The
Imposter's
Guide to
Computer Science
1998
Why learn about
Computer Science?
- Understand abstractions
- Make informed decisions
- Appreciate the history of our craft
- ...Nail technical interviews
What we'll cover
- Part 1: Binary
- Part 2: Boolean Algebra
- Part 3: Logical Circuits
How does a computer add two numbers together?
Part 1: Binary
Number Systems
Decimal System (Base-10)
235 in Decimal
Binary System (Base-2)
235 in Binary
11101011
Hexidecimal System (Base-16)
235 in Hexidecimal
14 x 16 (224)
+ 11 x 1
EB
Part 2: Boolean Algebra
Aristotle
384 – 322 BC
Laid the groundwork for a system of logic based on binary propositions, true and false.
George Boole
1815 – 1864
In 1854 introduced Boolean algebra in his book "An Investigation of the Laws of Thought," which presented a symbolic representation of Aristotle’s logic.
Boolean Operations
While elementary algebra deals with numerical operations, Boolean algebra deals with logical operations. These operations form the backbone of programming logic and the design of digital circuits.
Primary operations
- A & B represents an AND operation
- A || B represents an OR operation
- !A is a NOT, or inversion operation
Secondary operations
Each of these operations can be represented by grouping the primary operations together:
- Exclusive OR (XOR): (A || B) && !(A & B)
- Implication (if A then B): !A || B
- Equivalence (equality): (A & B) || (!A & !B)
There are no numbers in Boolean algebra, only symbols for true and false values.
- TRUE: 1/ON
- FALSE: 0/OFF
Truth Tables
To visualize and understand the outcome of these operations, we use Truth tables. These tables enumerate all possible combinations of input truth values and their corresponding output.
AND
A | B | OUT |
---|---|---|
0 | 0 | 0 |
0 | 1 | 0 |
1 | 0 | 0 |
1 | 1 | 1 |
OR
A | B | OUT |
---|---|---|
0 | 0 | 0 |
0 | 1 | 1 |
1 | 0 | 1 |
1 | 1 | 1 |
XOR
A | B | OUT |
---|---|---|
0 | 0 | 0 |
0 | 1 | 1 |
1 | 0 | 1 |
1 | 1 | 0 |
Implication
A | B | OUT |
---|---|---|
0 | 0 | 1 |
0 | 1 | 1 |
1 | 0 | 0 |
1 | 1 | 1 |
If A then B otherwise true, i.e. a conditional statement.
Equivalence
A | B | OUT |
---|---|---|
0 | 0 | 1 |
0 | 1 | 0 |
1 | 0 | 0 |
1 | 1 | 1 |
Boolean Arithmetic
- Boolean operations can be used to perform arithmetic.
- In Boolean arithmetic, results are always either true (1) or false (0).
An OR operation represents addition:
1 + 1 = 1
1 + 0 = 1
0 + 0 = 0
0 + 1 = 1
An AND operation represents multiplication:
1 * 1 = 1
1 * 0 = 0
0 * 0 = 0
0 * 1 = 0
Subtraction and division do not exist in Boolean algebra.
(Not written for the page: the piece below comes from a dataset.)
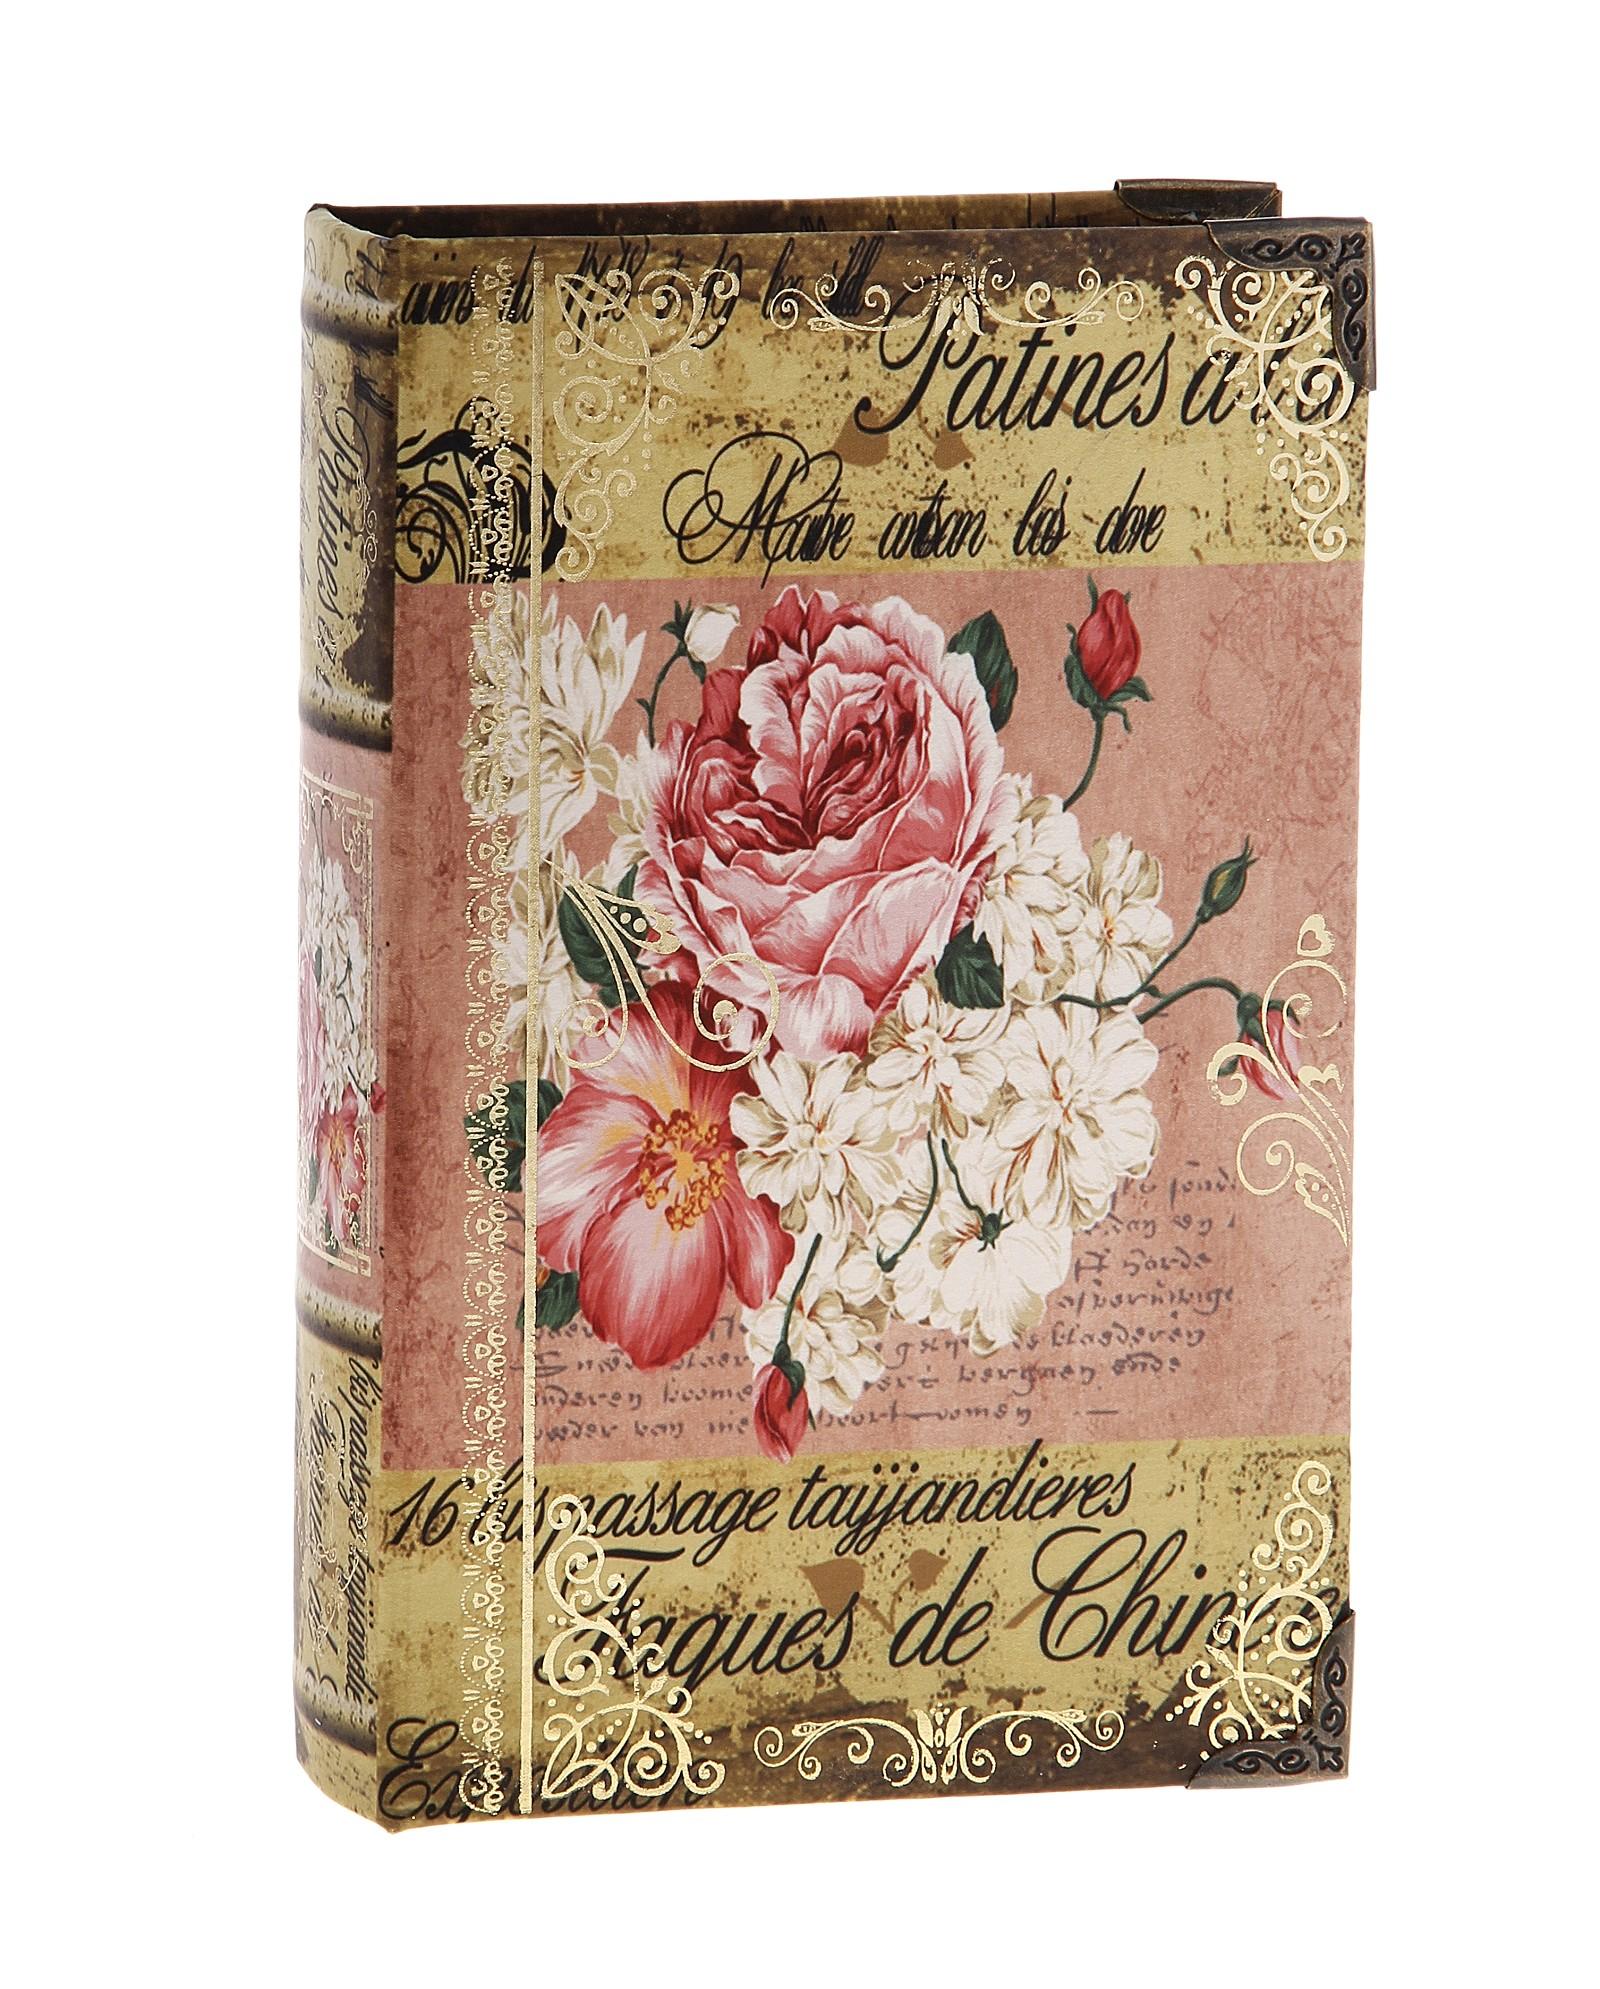 Шкатулка-книга Поэма о цветахFS-80299Оригинальное оформление шкатулки, несомненно, привлечет внимание. Шкатулка выполнена в виде книги, поверхность которой изготовлена из шёлка и оформлена изображением прекрасной цветочной композиции. Такая шкатулка может использоваться для хранения бижутерии, в качестве украшения интерьера, а также послужит хорошим подарком для человека, ценящего практичные и оригинальные вещицы. Характеристики:Материал: дерево, шёлк, металл. Размер шкатулки (в закрытом виде): 24 см х 16 см х 5 см. Размер упаковки: 24,5 см х 16 см х 5 см. Артикул: 680711.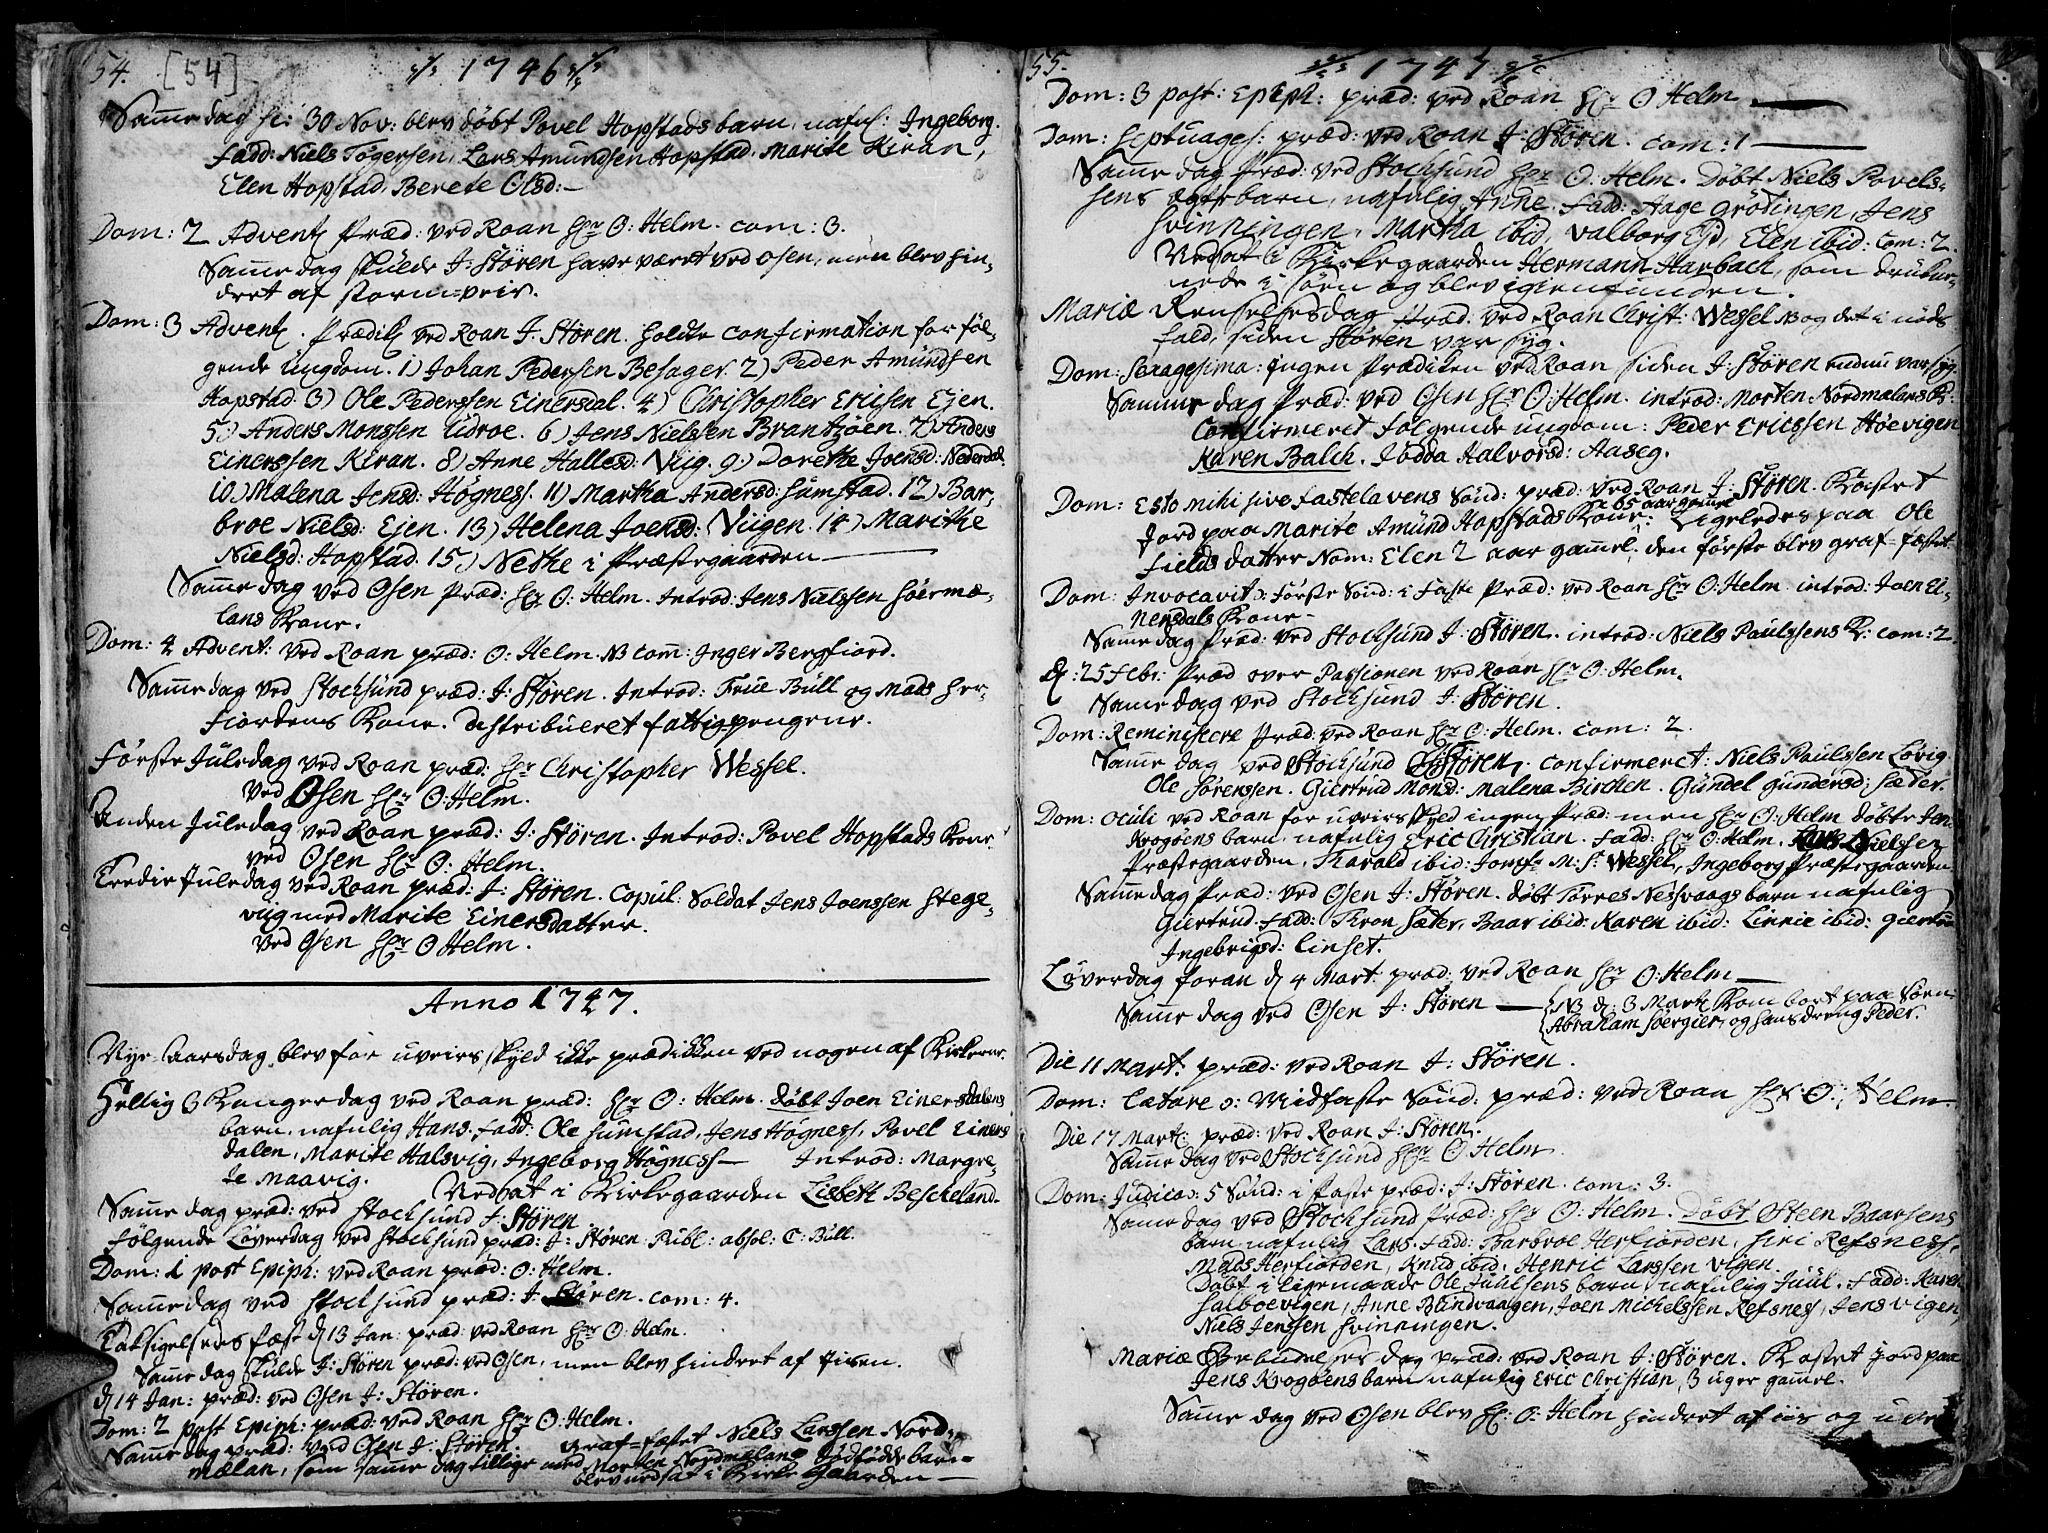 SAT, Ministerialprotokoller, klokkerbøker og fødselsregistre - Sør-Trøndelag, 657/L0700: Ministerialbok nr. 657A01, 1732-1801, s. 54-55

Boolean operations serve as the building blocks for logical circuits that process and compute information in our digital devices.
Part 3: Logical Circuits
Claude Shannon
1916 – 2001
Often regarded as one of the most influential yet overlooked figures in computer science, Claude Shannon laid the foundation for the Information Age with his groundbreaking work in Information Theory.
Every single concept from Boole’s algebra had its physical counterpart in an electric circuit. An on switch could stand for "true" and an off switch for "false," and the whole thing could be represented in 1’s and 0’s. More important, as Shannon pointed out, the logical operators of Boole’s system—AND, OR, NOT—could be replicated exactly as circuits.
By merging principles of Boolean algebra and binary representation with electronic circuits, Shannon forged a path that revolutionized computing.
Computing Machines
Mechanical Computers
These early devices used proportional differences between gears to perform calculations. They were limited to specific tasks and lacked the versatility of general-purpose computations.
Mechanical calculator
Digital Computers
Digital computers perform calculations using electronic switches to implement logical circuits.
ENIAC programmers
Switches
The types of switches used to perform boolean operations in digital computers changed as technology developed.
Relay
Vacuum tube
Transistor
Logic Gates
Transitors can be combined in certain ways to create logic gates. These gates execute basic logical functions that are crucial in performing complex computational tasks. The most common logic gates include:
-
NOT Gate: Flips the input (1 becomes 0 and vice versa).
-
AND Gate: Outputs 1 only when both inputs are 1.
-
OR Gate: Outputs 1 if any input is 1.
-
XOR Gate: Outputs 1 if only one input is 1.
AND gate
OR gate
Logic Circuits
By chaining together different logic gates, we can create logic circuits. These circuits can perform more complex operations and calculations.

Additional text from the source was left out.